START STORED DATA

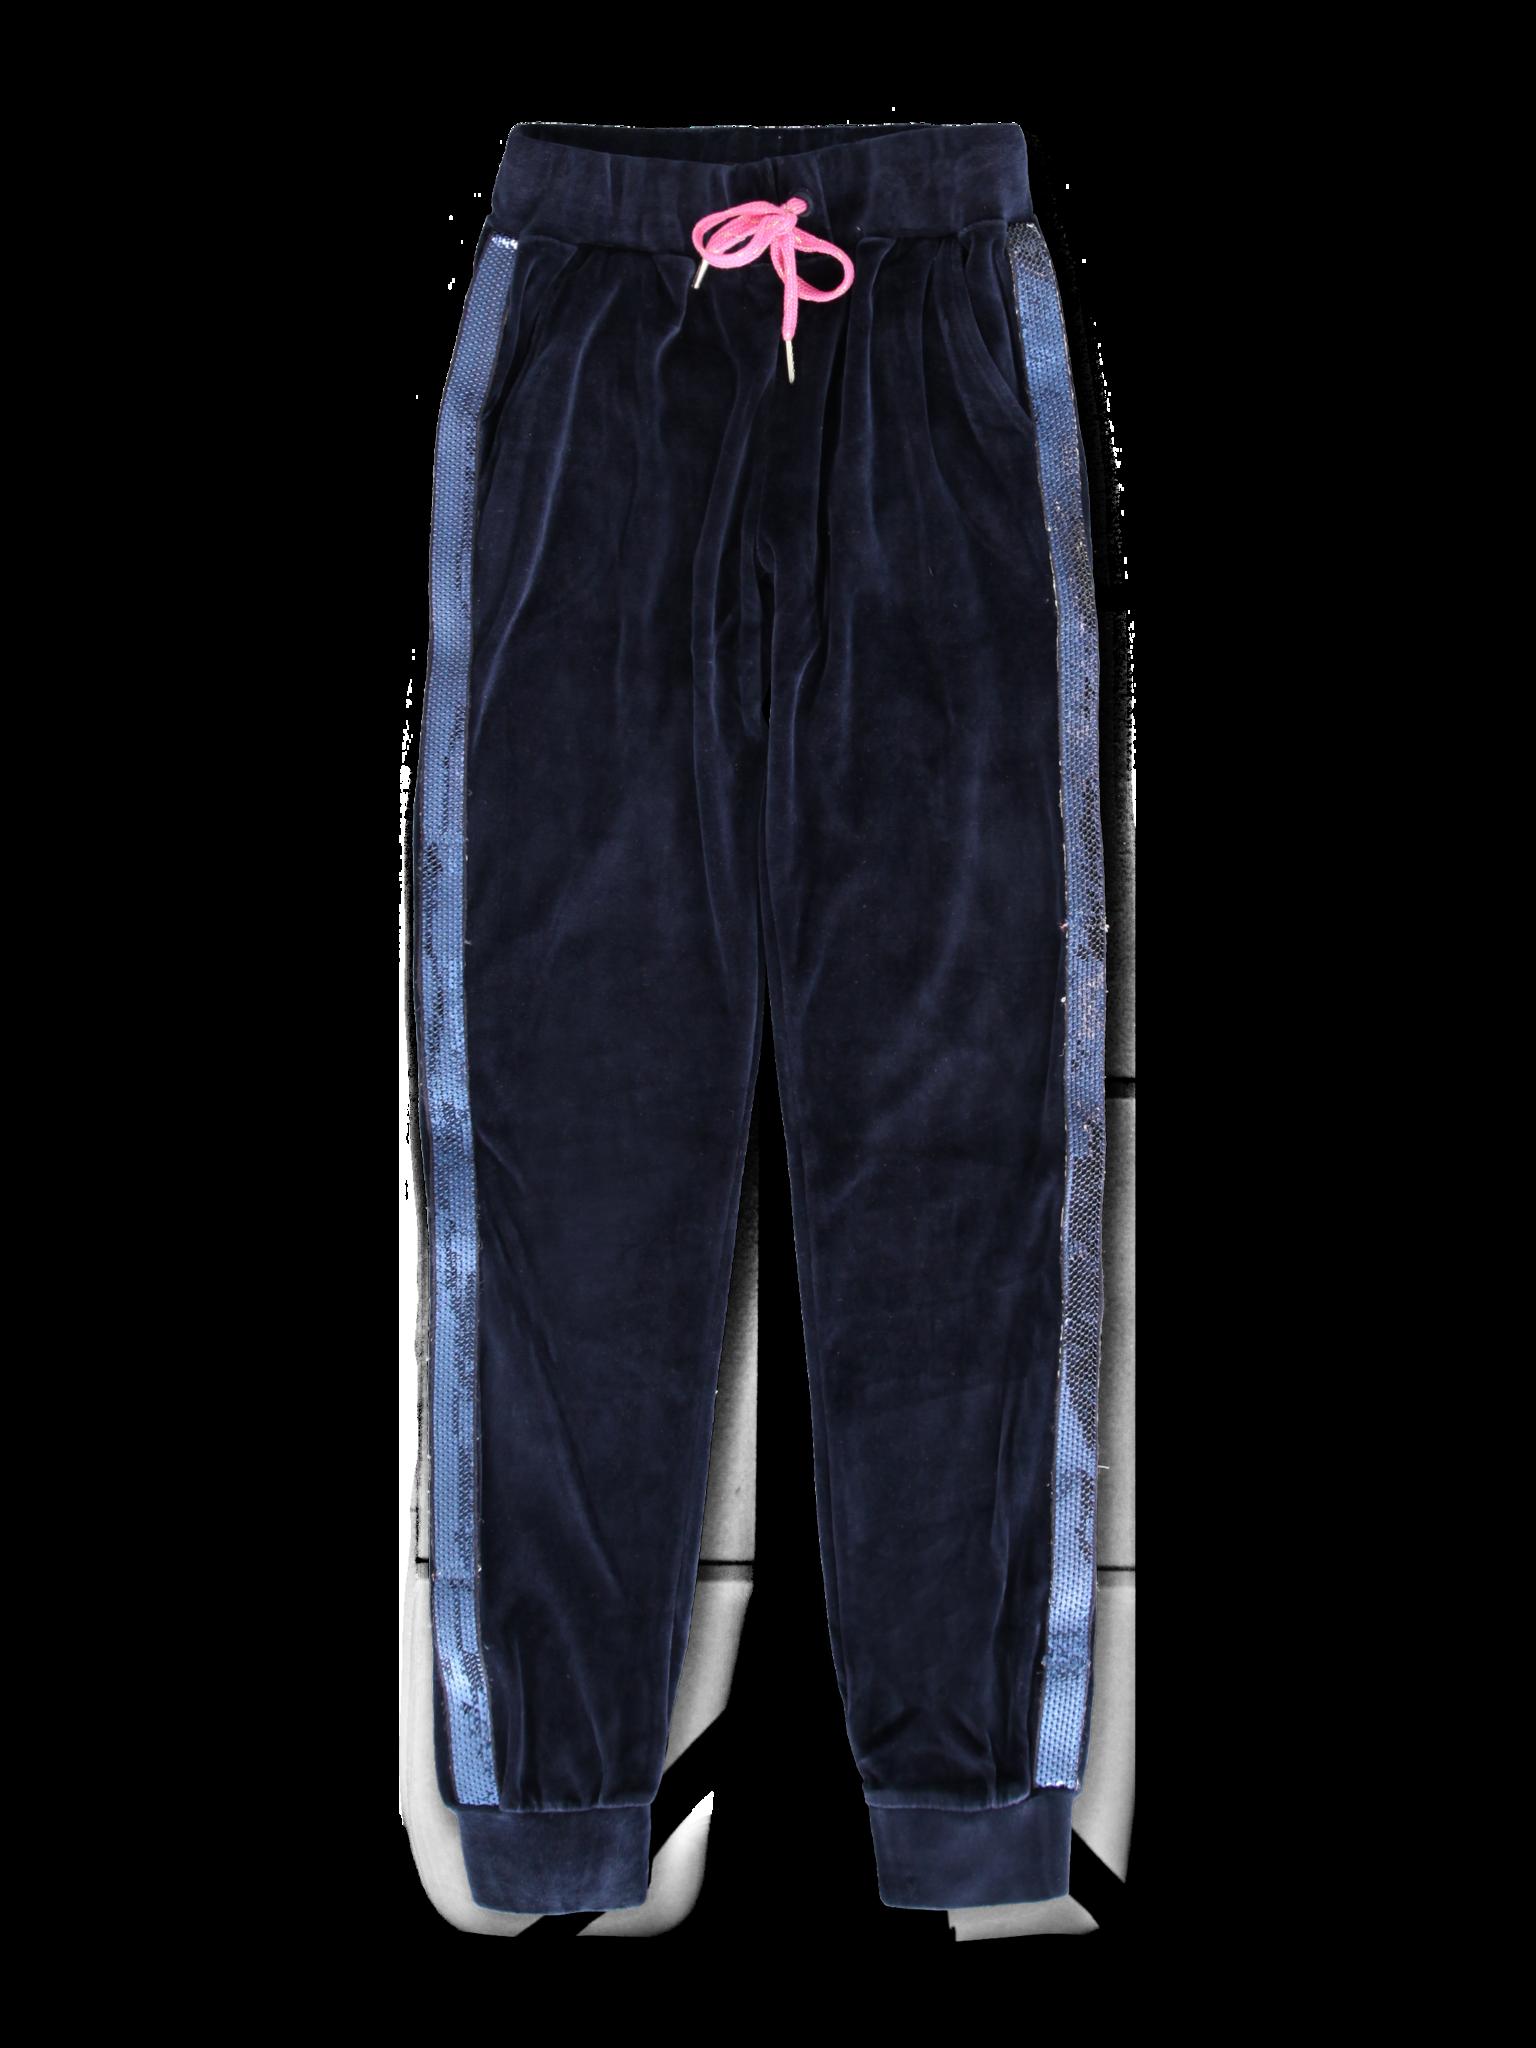 All Brands | Winterproducts Teen Girls | Jogging Pant | 12 pcs/box
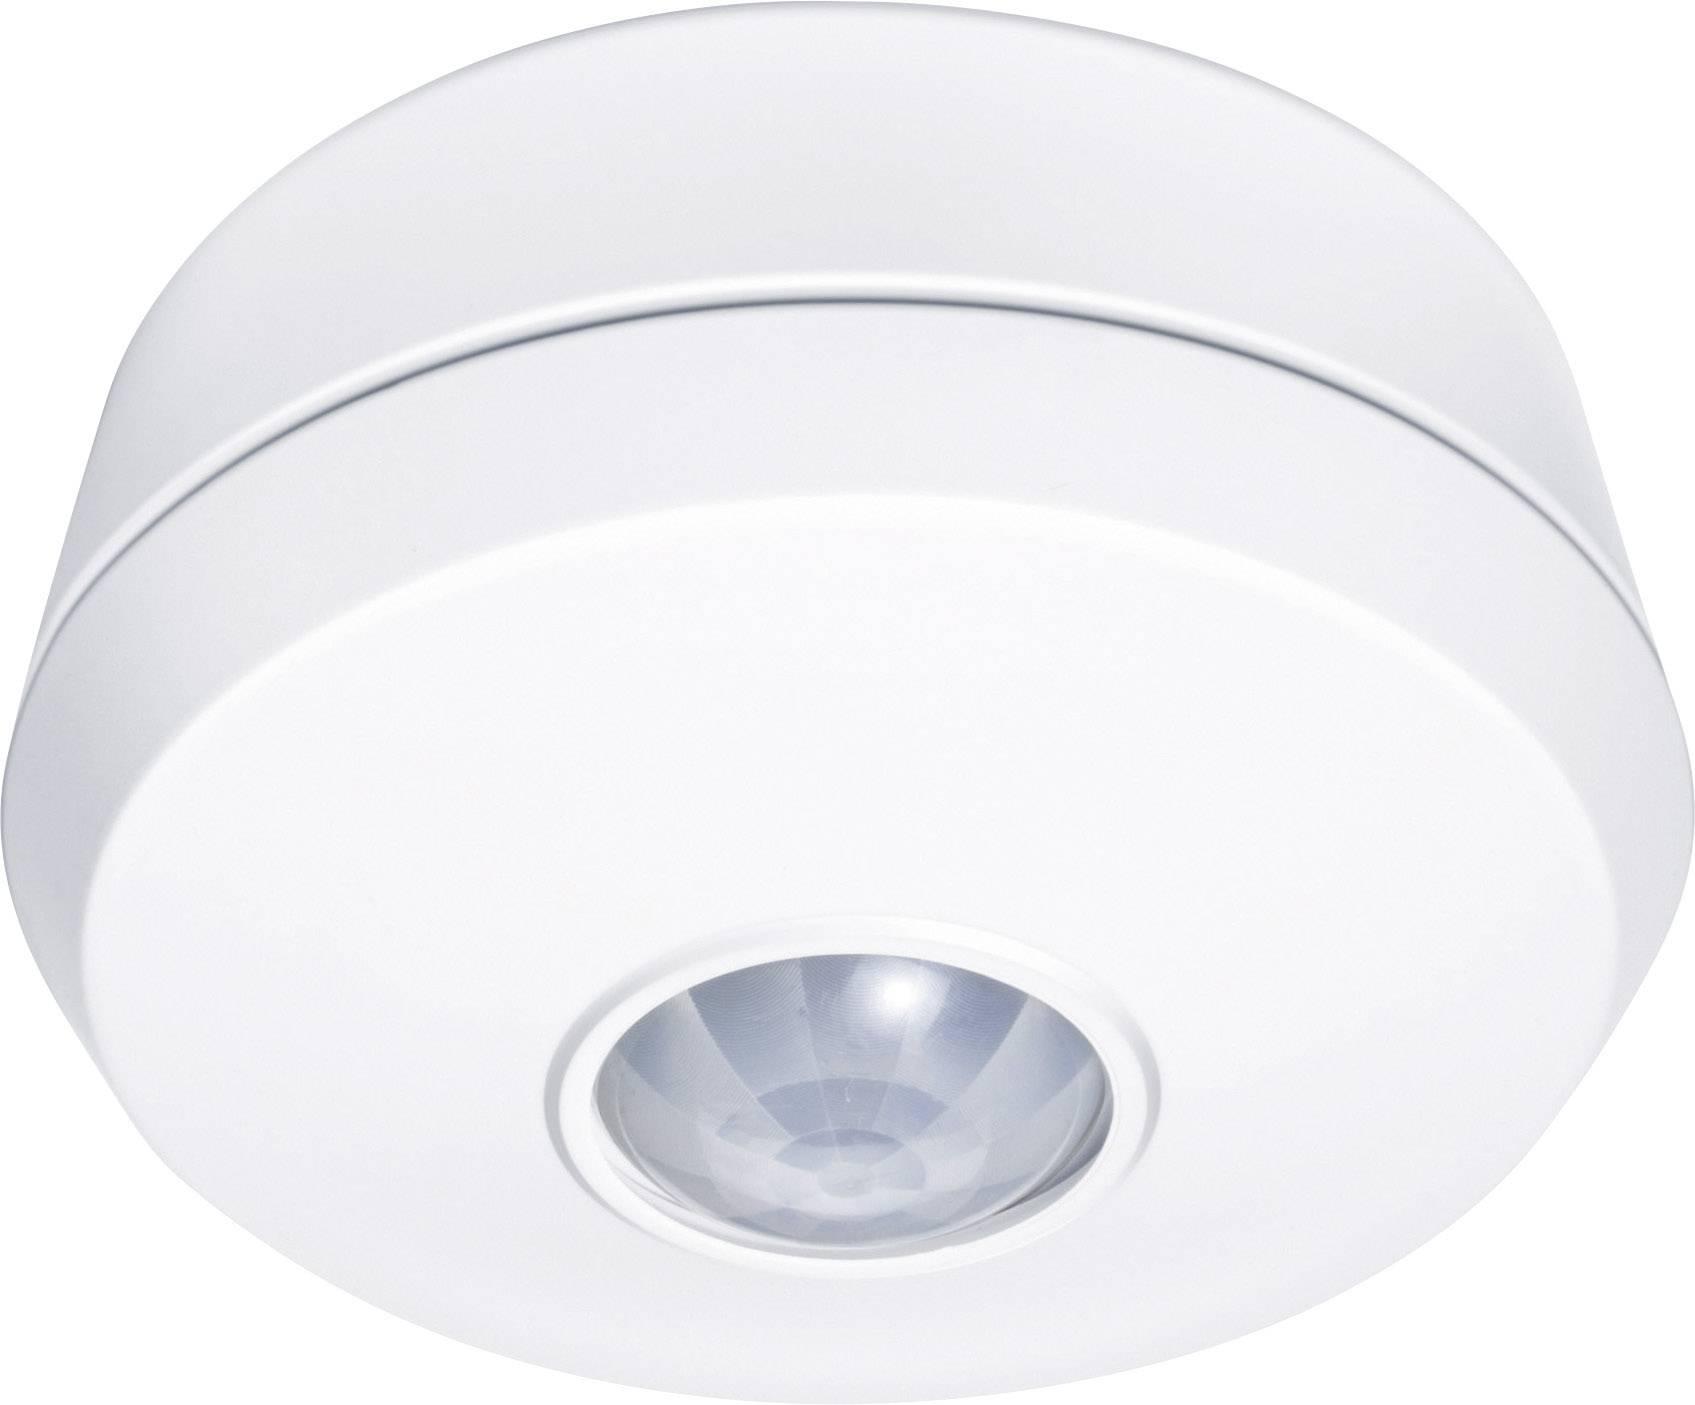 Senzor pohybu PIR GEV 018709, 360 °, relé, biela, IP20
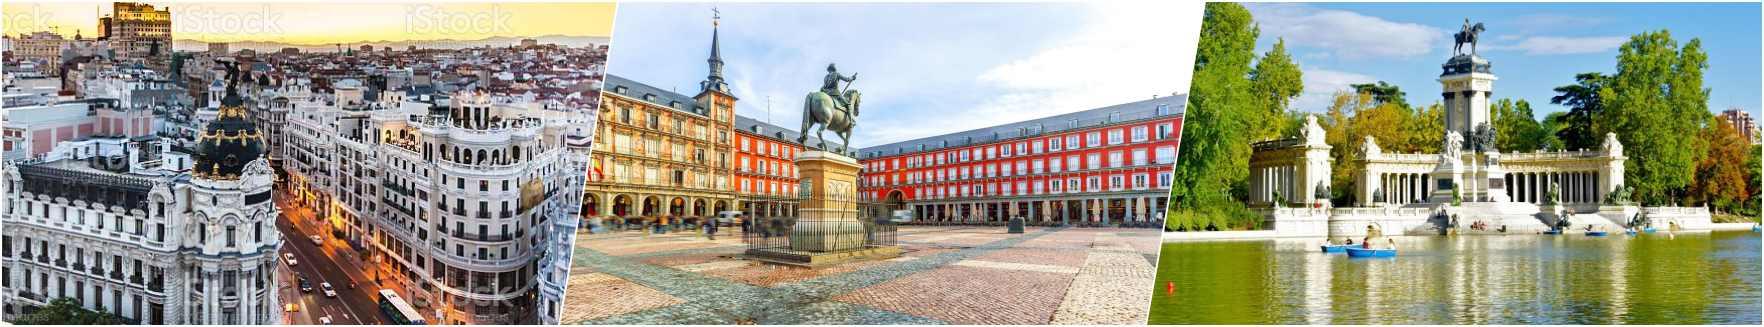 Gran Via Madrid - Plaza Mayor - Retiro Park

END STORED DATA

## WHAT IS NEEDED
Would you please retype all the data exactly? Leave out whatever pictures it holds.

## SOLUTION
 All Brands | Winterproducts Teen Girls | Jogging Pant | 12 pcs/box
 Senzor pohybu PIR GEV 018709, 360 °, relé, biela, IP20
 Gran Via Madrid - Plaza Mayor - Retiro Park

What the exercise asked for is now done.